1. The problem statement, all variables and given/known data

In this experiment a physical pendulum consisting of a rod and two large rubber stoppers (on top of each other) is swung from a point 1 mm from the end point. Calculate the moment of inertia of the pendulum about the point of suspension?

Data:
m=mass of rod=97.1 g
M=mass of the stoppers and the bolt=200 g
L=1 meter=length of rod
d=distance between the center of mass (CM) of the rod and the point of suspension=499 mm
D=distance between the center of mass of the stoppers and the Point of suspension=879 mm
R=distance between the Center of Mass of the rod-stopper system and the point of suspension=689 mm
theta (max)=the max angular displacement of the system from equilibrium (i.e. the max angular amplitude). Remember, theta (max) should be less than about pi/12 radian for the motion to be simple harmonic)=90 degrees
T(sub e)=the experimental period of oscillation of the pendulum. (measure and record at least three sets of 10 complete oscillations)=17.39 seconds/10 oscillations.
r=the distance from the center of the ruler to the point of rotation (.499 m)





2. Relevant equations
Note: I was sick when my teacher taught this so I learned the following from a friend.
use parallel axis theorem+MOI of point masses


(I)totalrod = (I)ruler + (I)mass

(I)mass= MR^2 where R = the distance from the center of the point mass to the rotation

and M is the mass for the point mass (200 g)

(I)ruler is the parralel axis theorem which is like

(I)ruler= (I)centerofmass + Md^2

where (I)center of mass is equal to 1/3Mr^2 where r is the distance from the center of the ruler to the point of rotation (.5 meters) + Md^2...
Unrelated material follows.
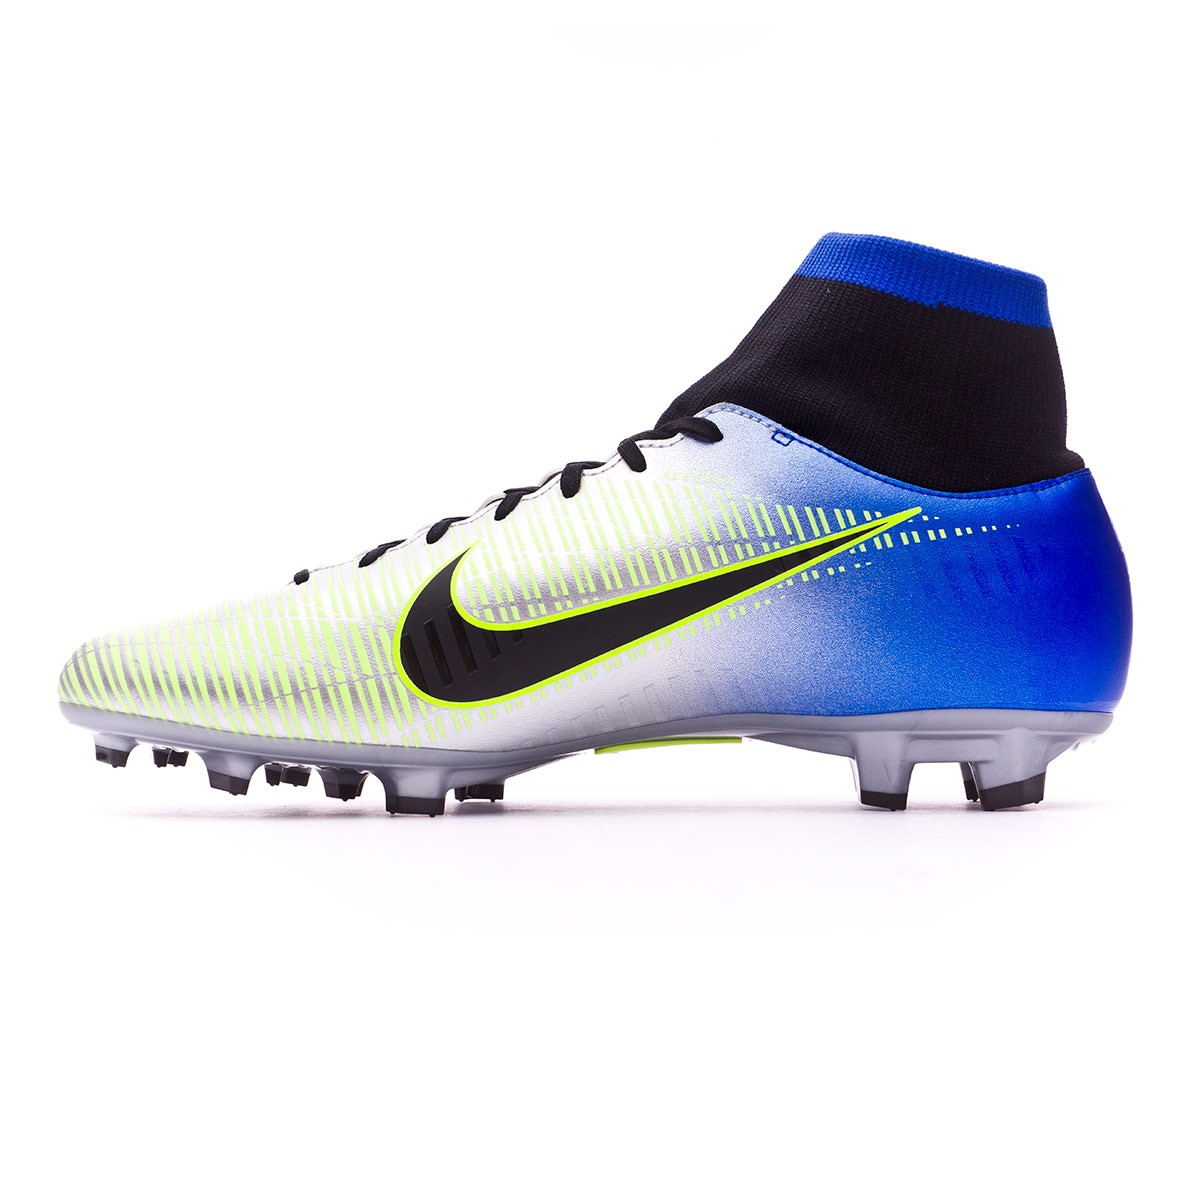 d370e4599797 Football Boots Nike Mercurial Victory VI DF FG Neymar Racer  blue-Black-Chrome-Volt - Football store Fútbol Emotion

3. The attempt at a solution
I was sick...I dunno Sorry!
Help..eh :)
Thanks so much! This is due tomorrow so Urgency is somewhat required LOL...I wish I was smart

rock.freak667

Well you know that I_{point mass}=mr², so you can find the I for the masses about the point of suspension (POS).

For a rod, about its center, the moment of inertia is 1/12ML².

Now the parallel axis theorem states that

I_POS=I_C+mR_POS²

You should be able to get the I for the rod about the POS now.

Now that both of the 'I's are about the same axis, the total I about that axis, is just the sum of the individual 'I' values.